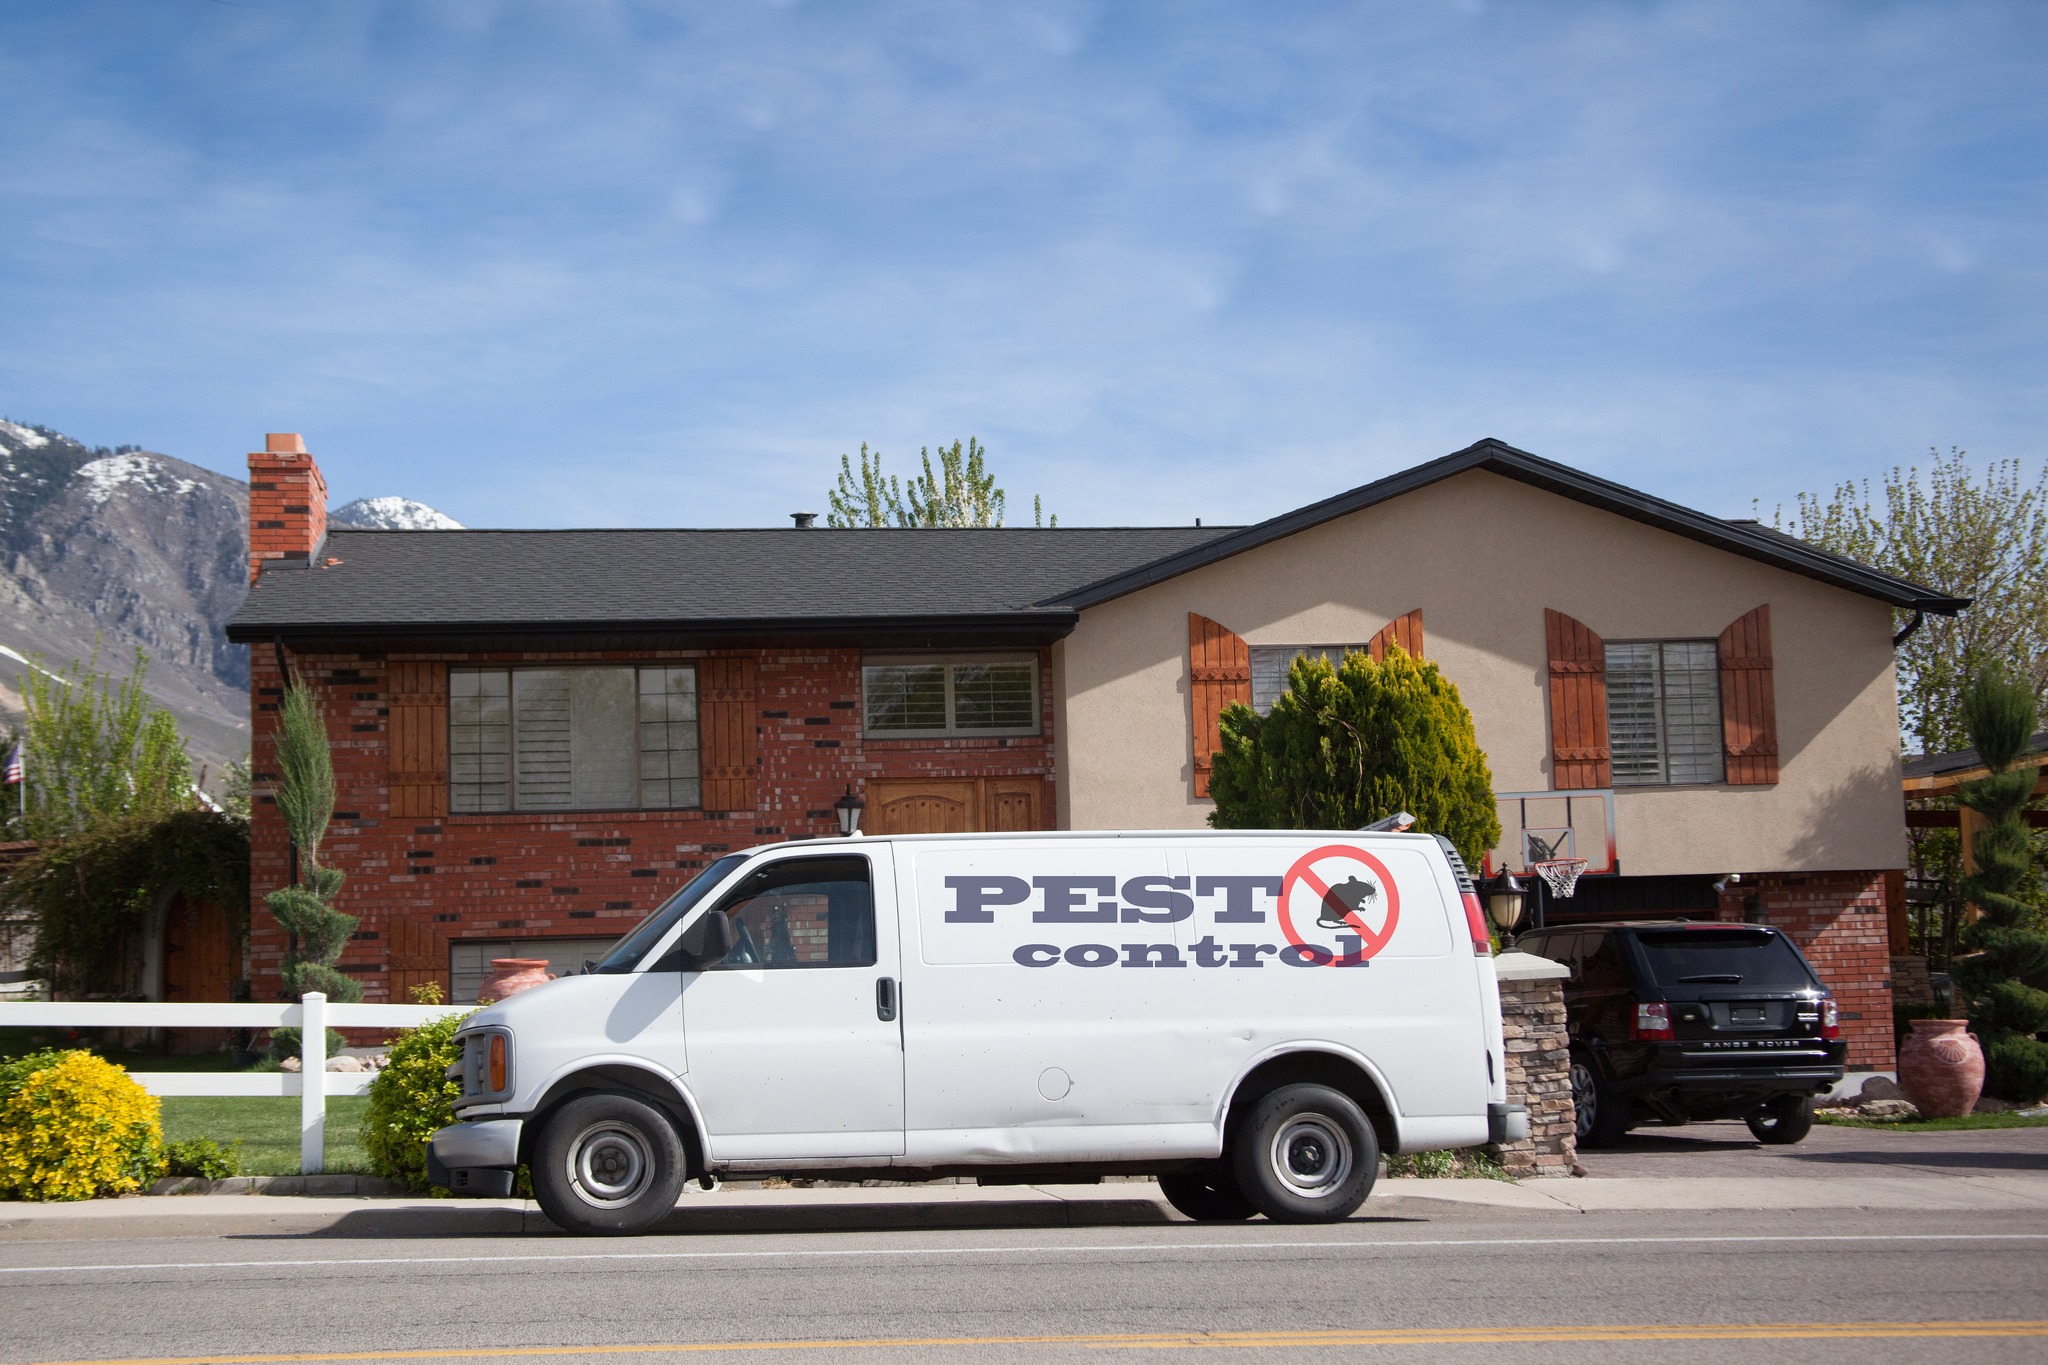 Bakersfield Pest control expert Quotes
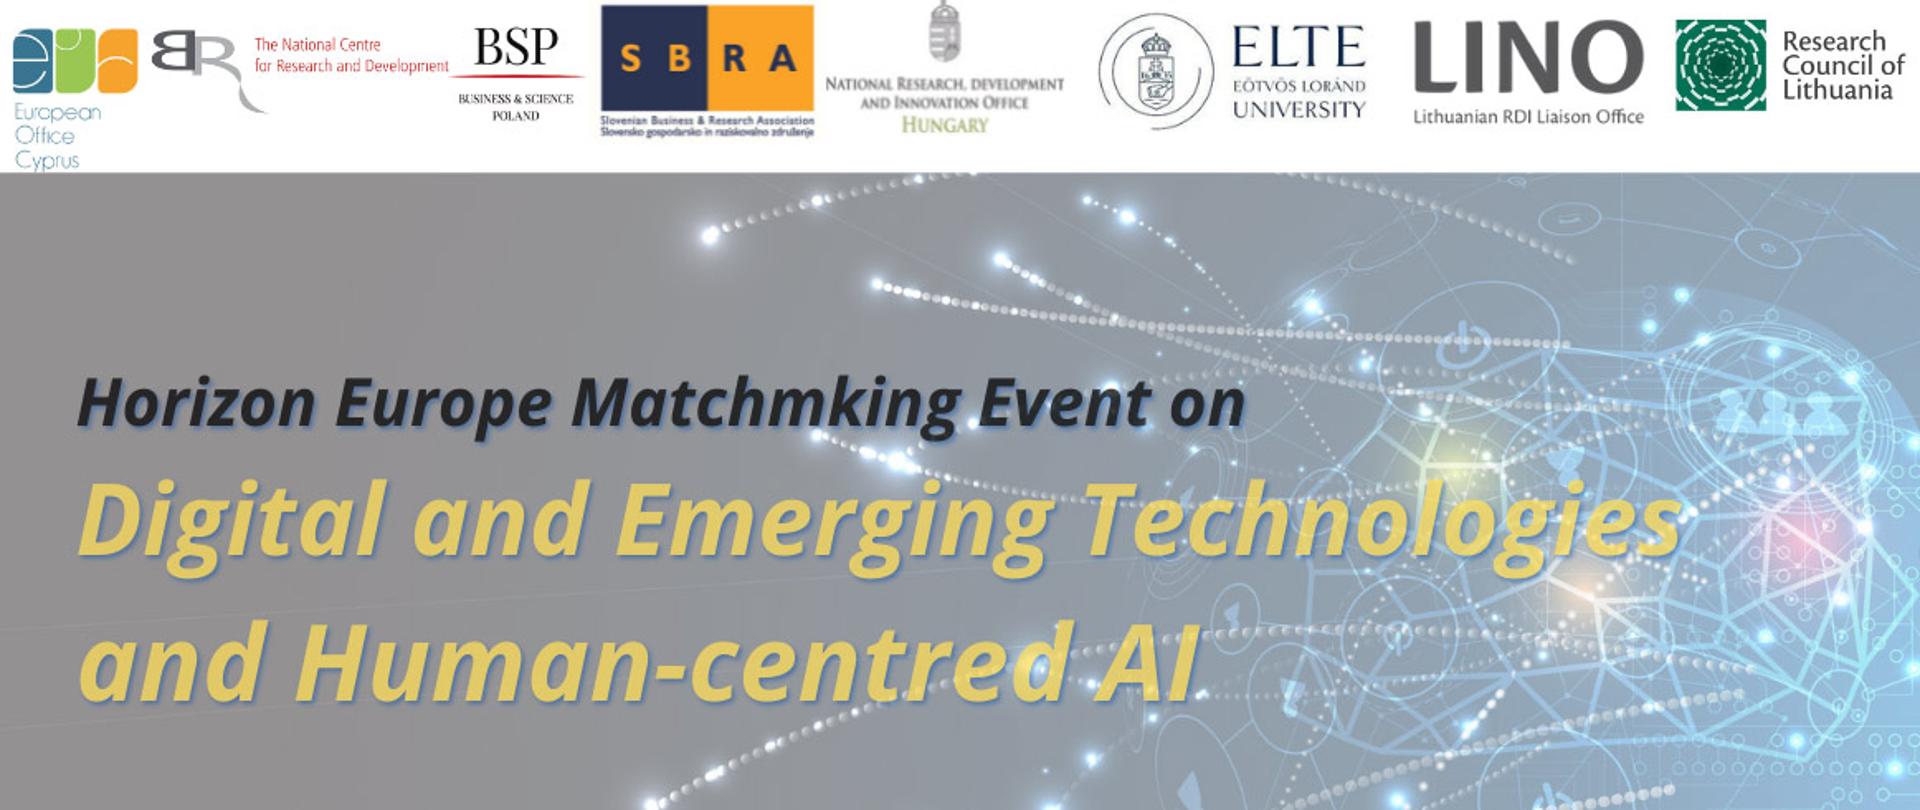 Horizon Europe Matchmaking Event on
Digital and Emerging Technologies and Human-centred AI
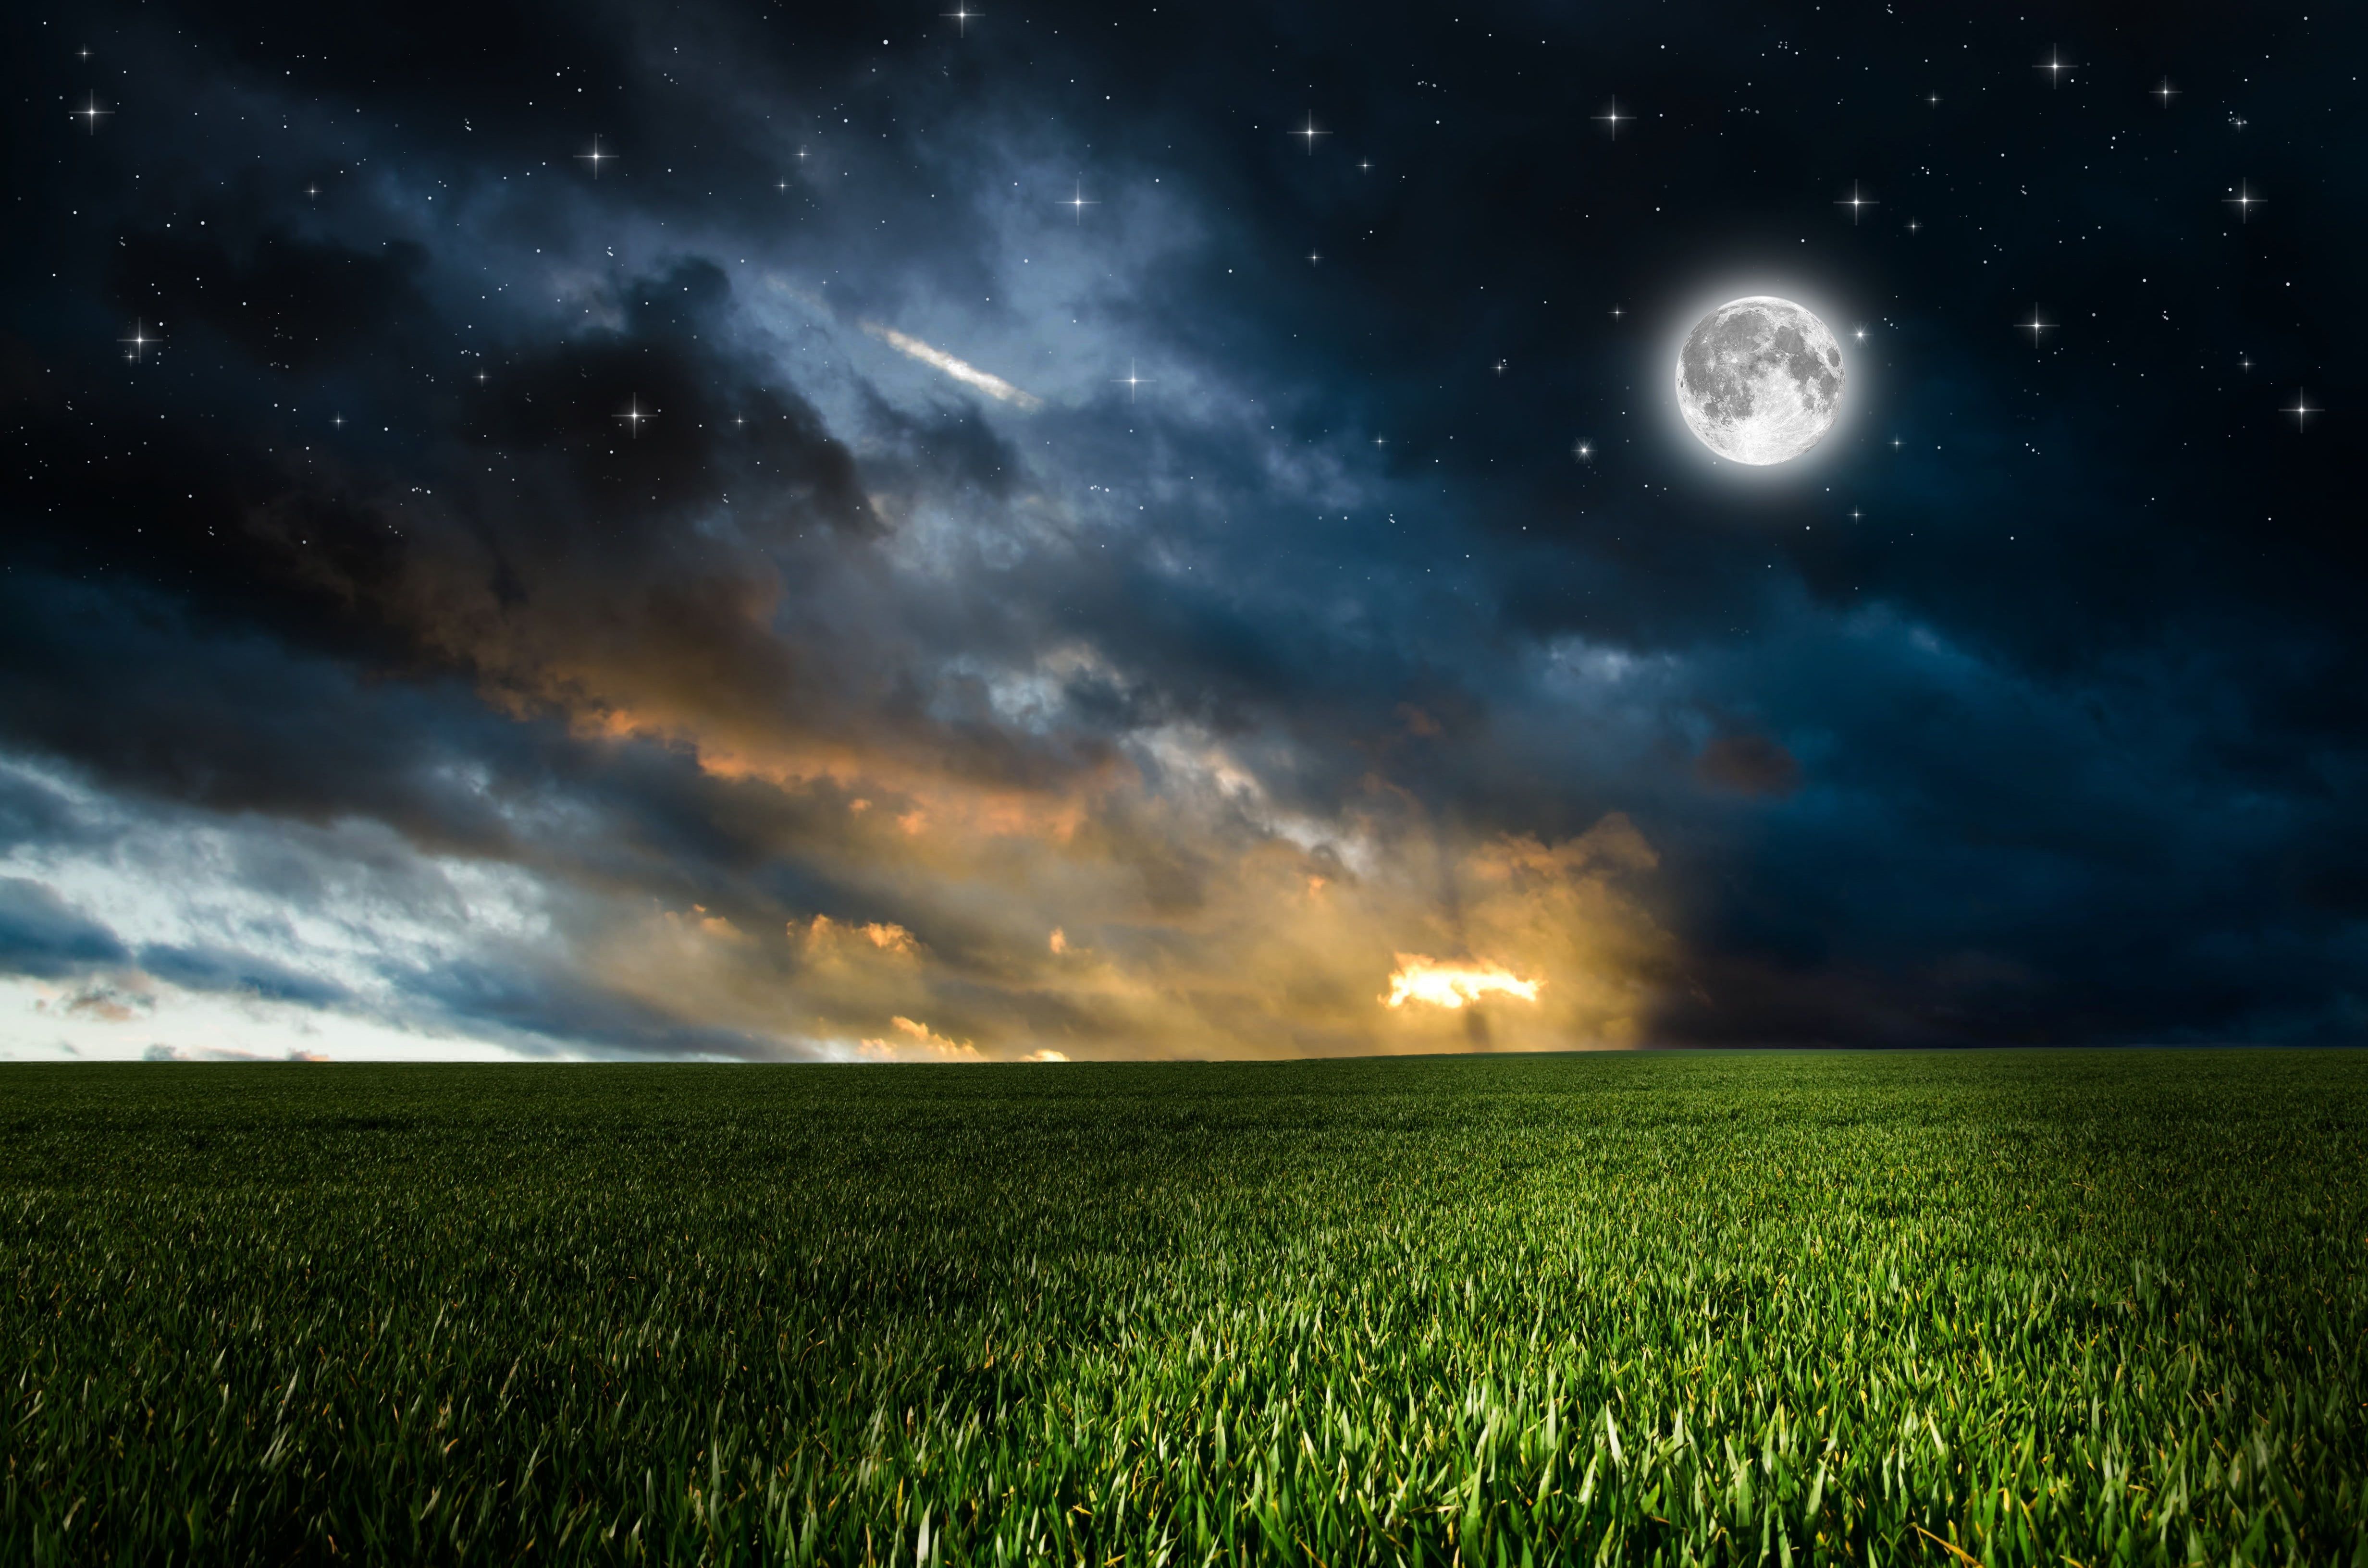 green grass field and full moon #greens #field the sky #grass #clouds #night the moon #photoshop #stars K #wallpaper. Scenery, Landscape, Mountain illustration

#### [Exercise requirements]
Without any pictures, restate word for word only the lines from the one with "Horizon Europe Matchmaking Event on" through the end of the listing.

#### [Response]
 Horizon Europe Matchmaking Event on
Digital and Emerging Technologies and Human-centred AI
 green grass field and full moon #greens #field the sky #grass #clouds #night the moon #photoshop #stars K #wallpaper. Scenery, Landscape, Mountain illustration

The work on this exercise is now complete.